§ **What to do**
Please output exactly the lines below, starting at the line that has "Needle threader for punch needle 22cm 3p" and ending at the line that has "It Takes a PHD to Read the Histone Code", both included; leave out all pictures and include nothing else.

§ **Given data**
------------------------------------
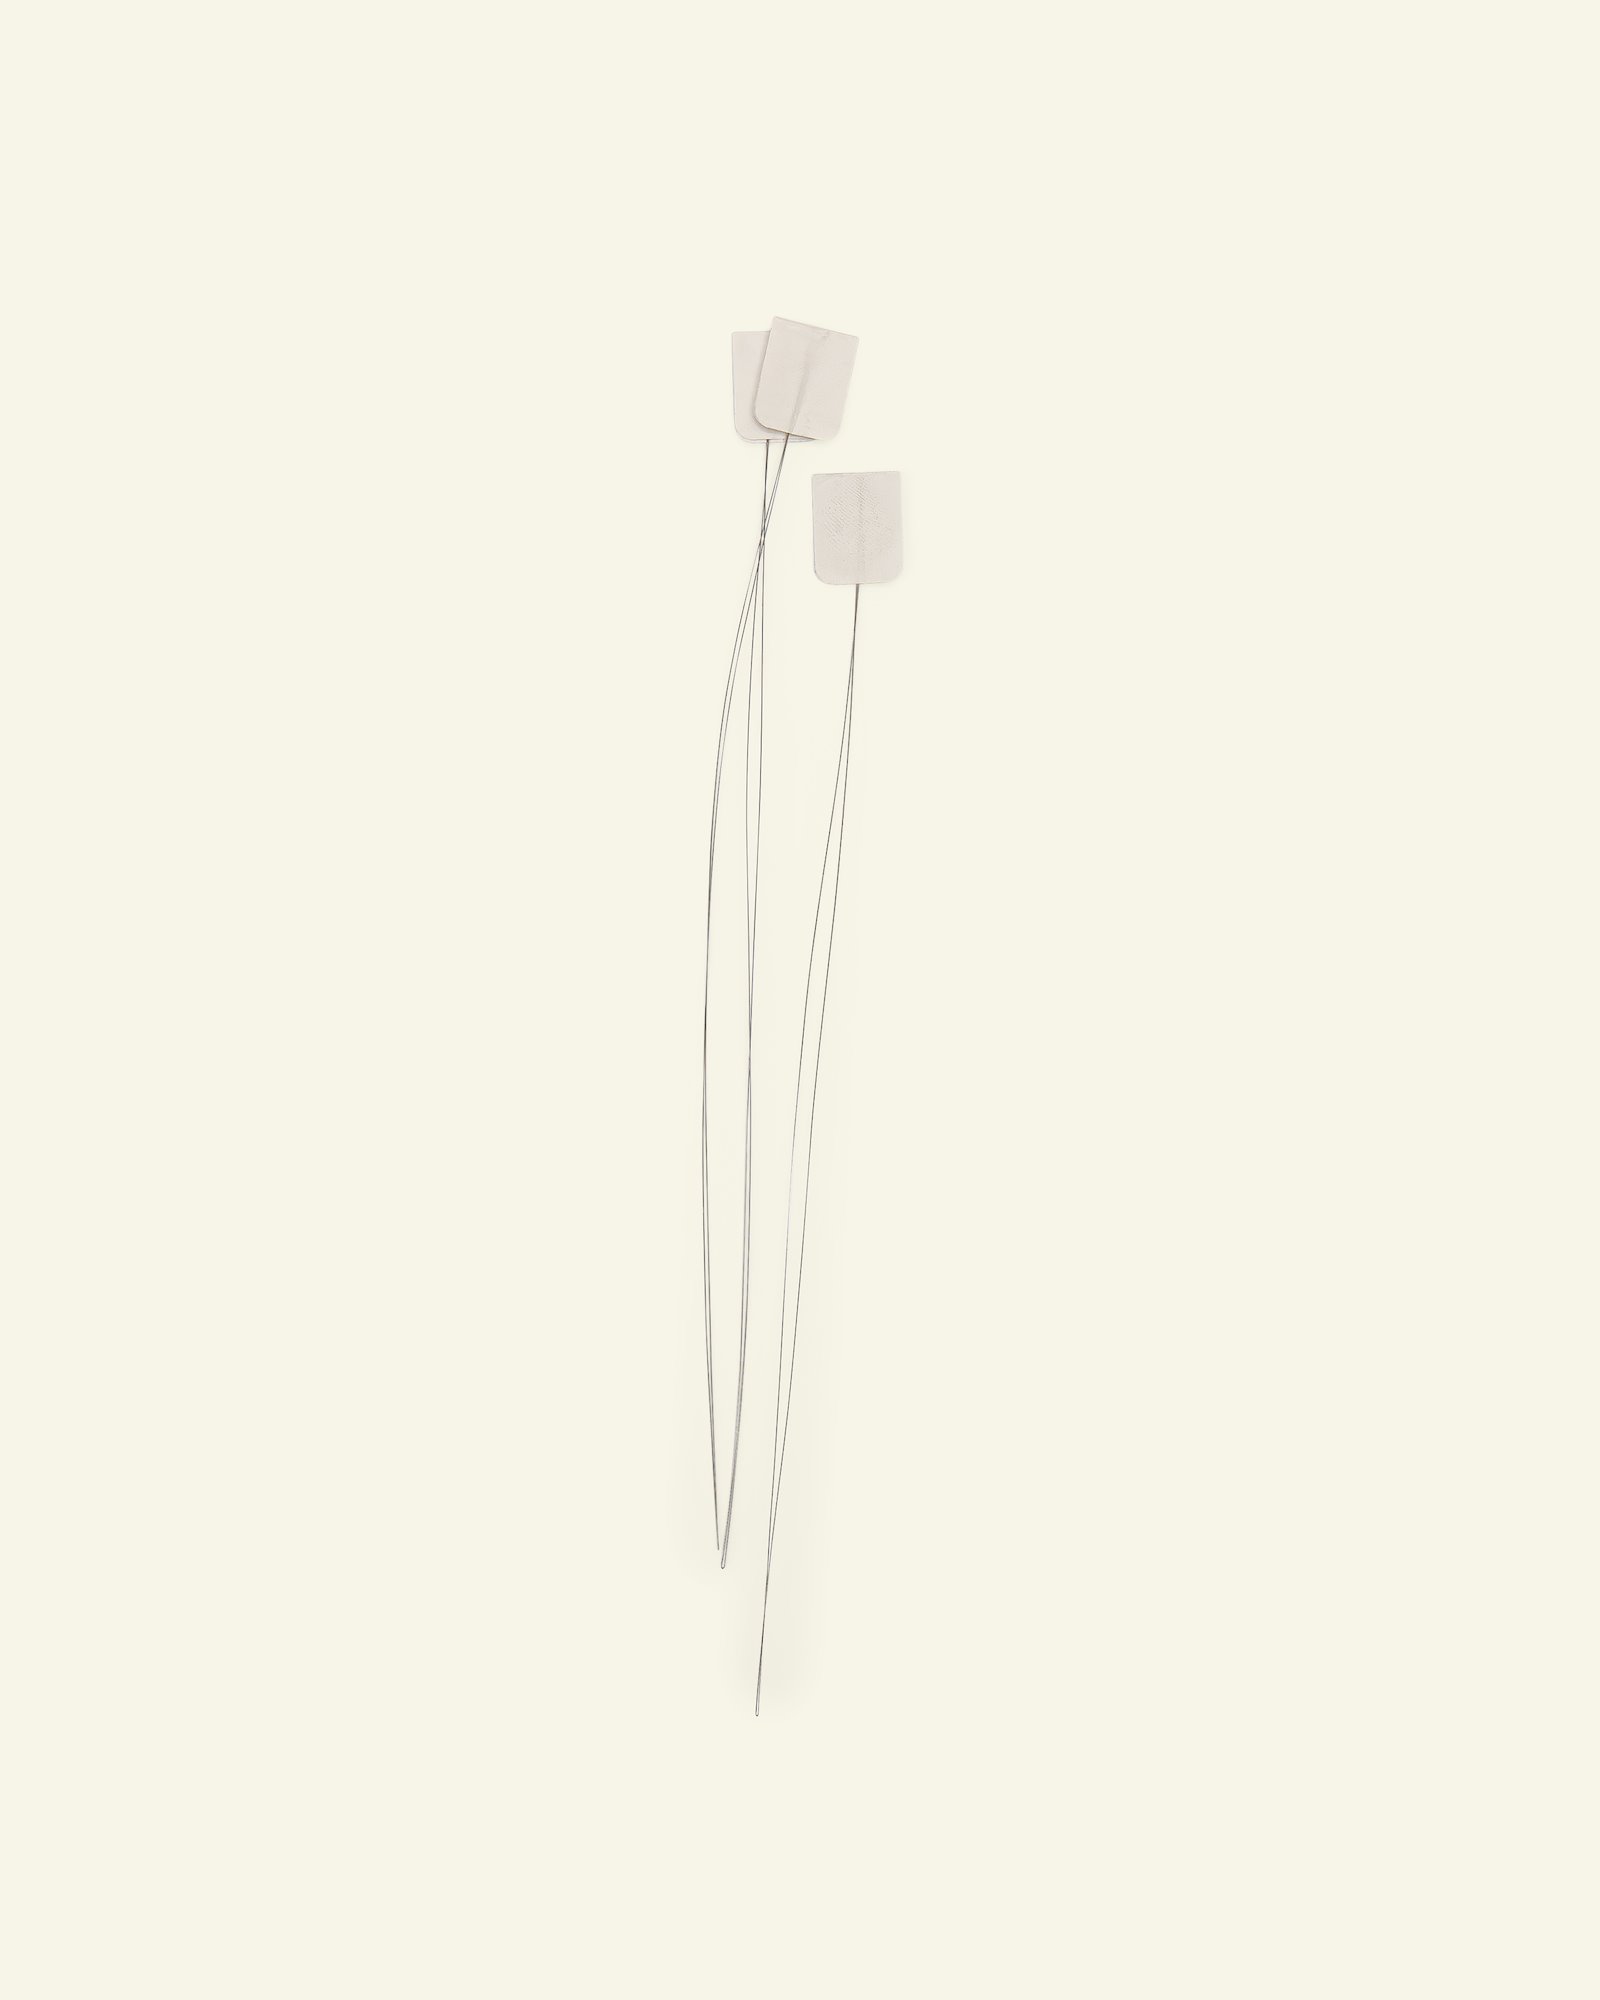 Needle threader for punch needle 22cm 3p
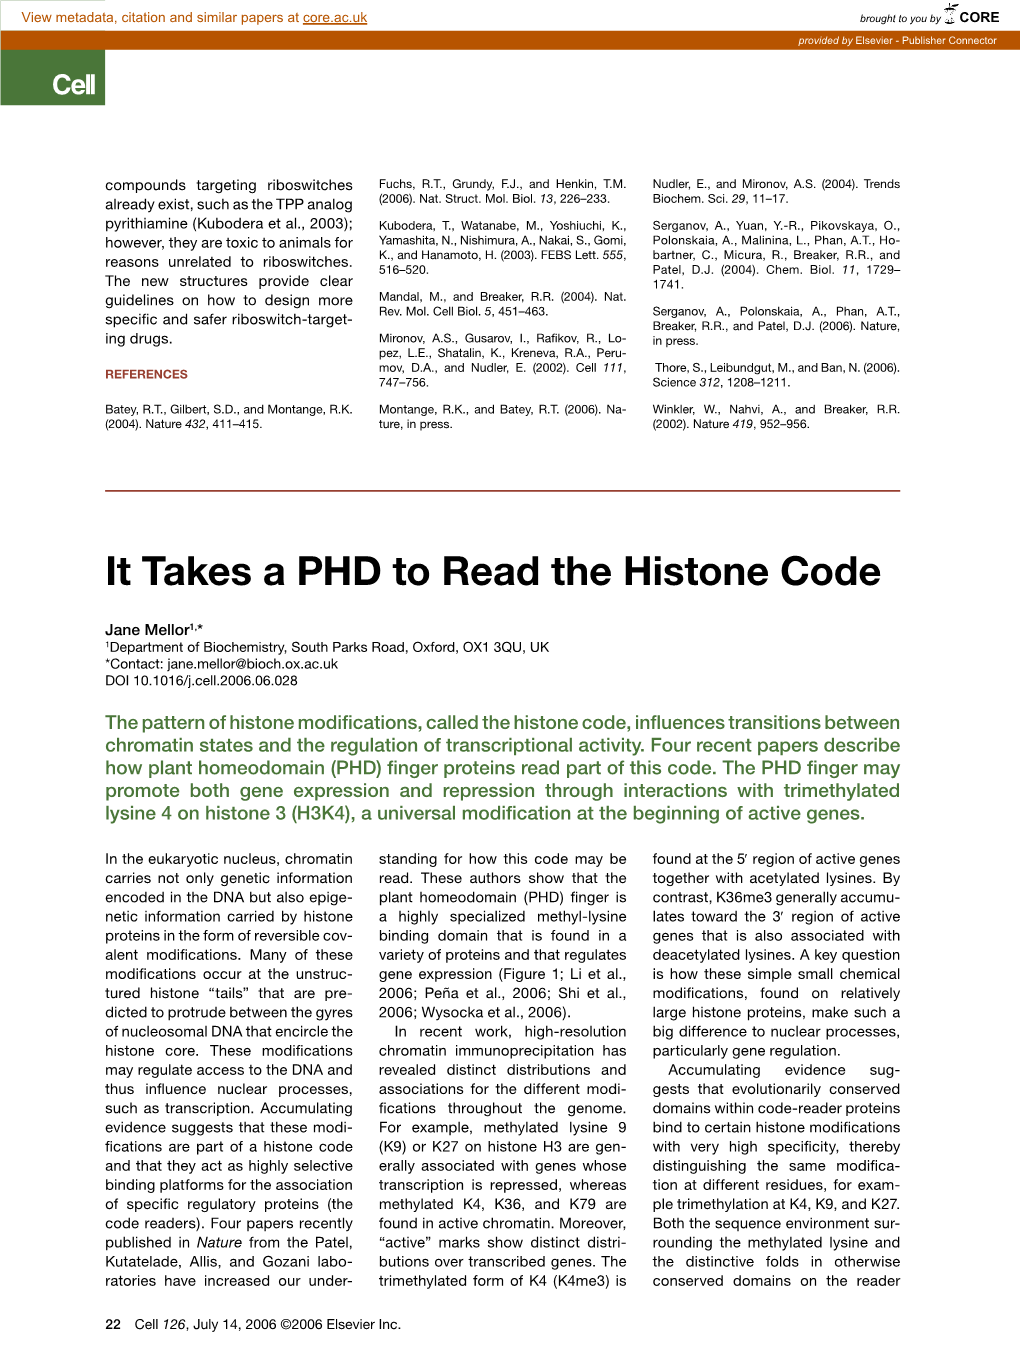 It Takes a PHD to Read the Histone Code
------------------------------------
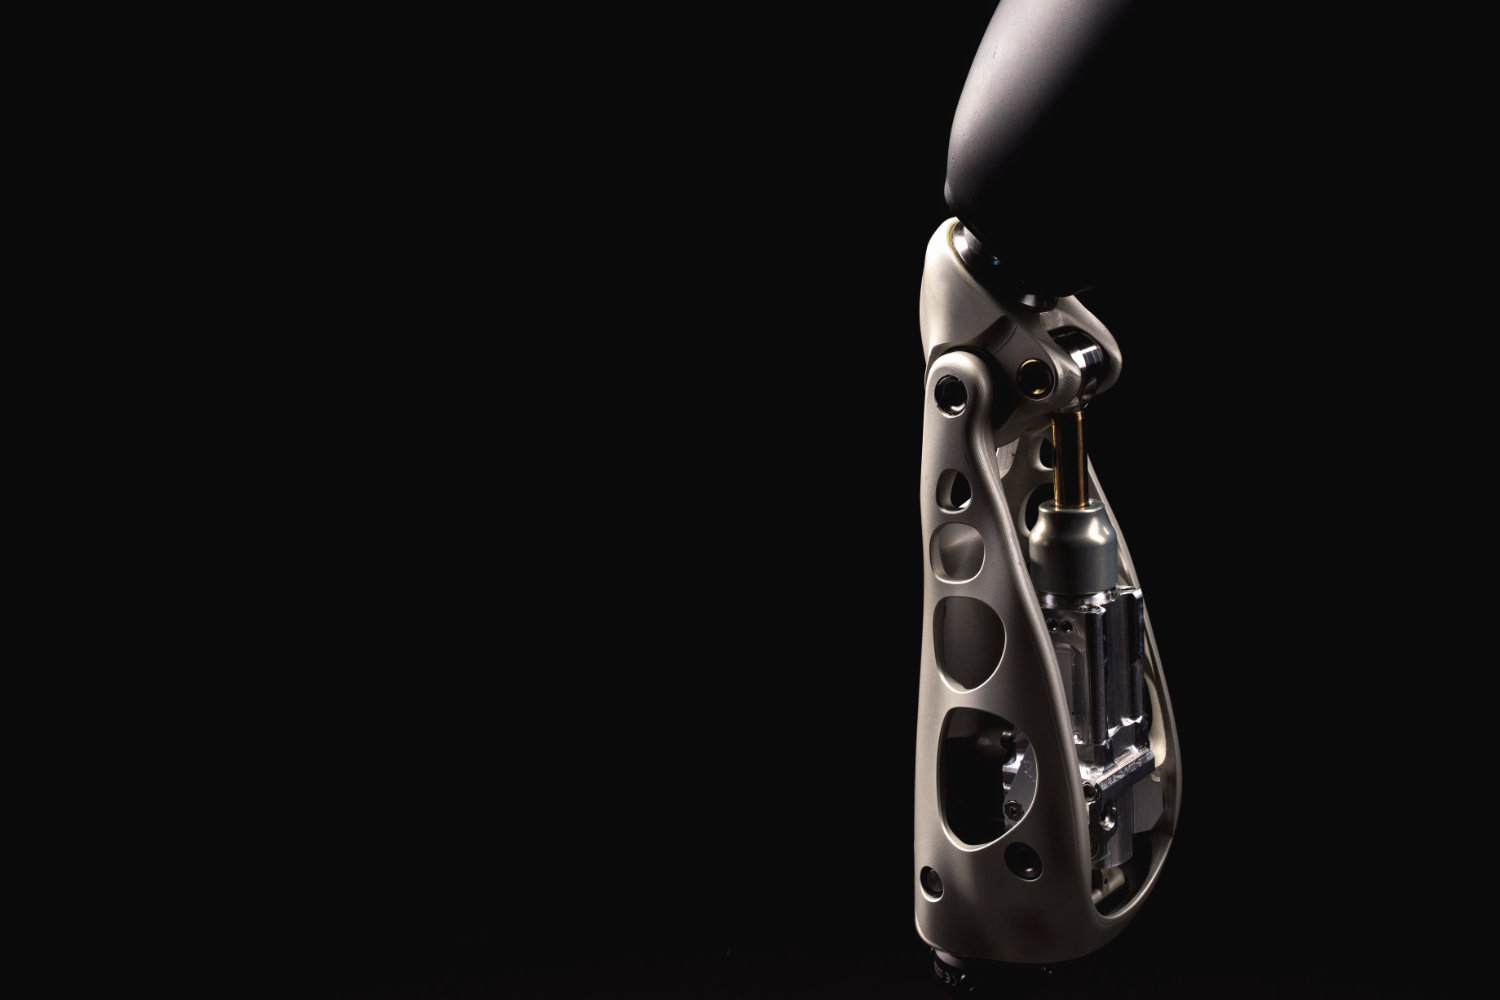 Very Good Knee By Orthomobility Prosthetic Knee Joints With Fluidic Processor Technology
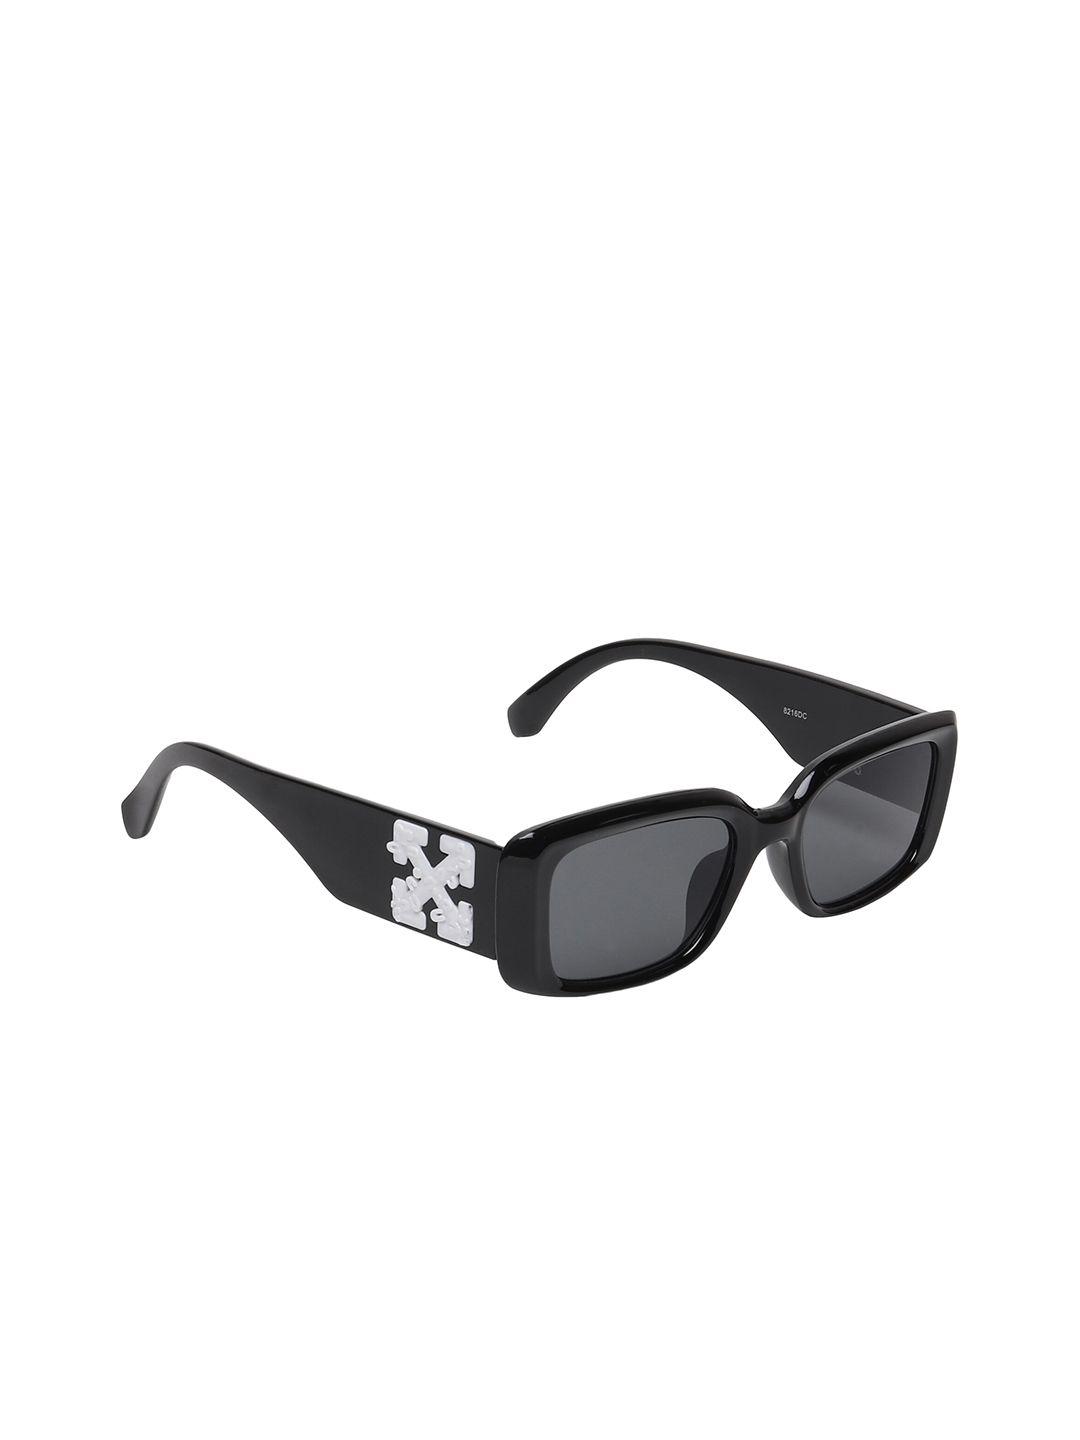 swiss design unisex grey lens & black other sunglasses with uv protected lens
------------------------------------
§ **Response box**
 Needle threader for punch needle 22cm 3p
 It Takes a PHD to Read the Histone Code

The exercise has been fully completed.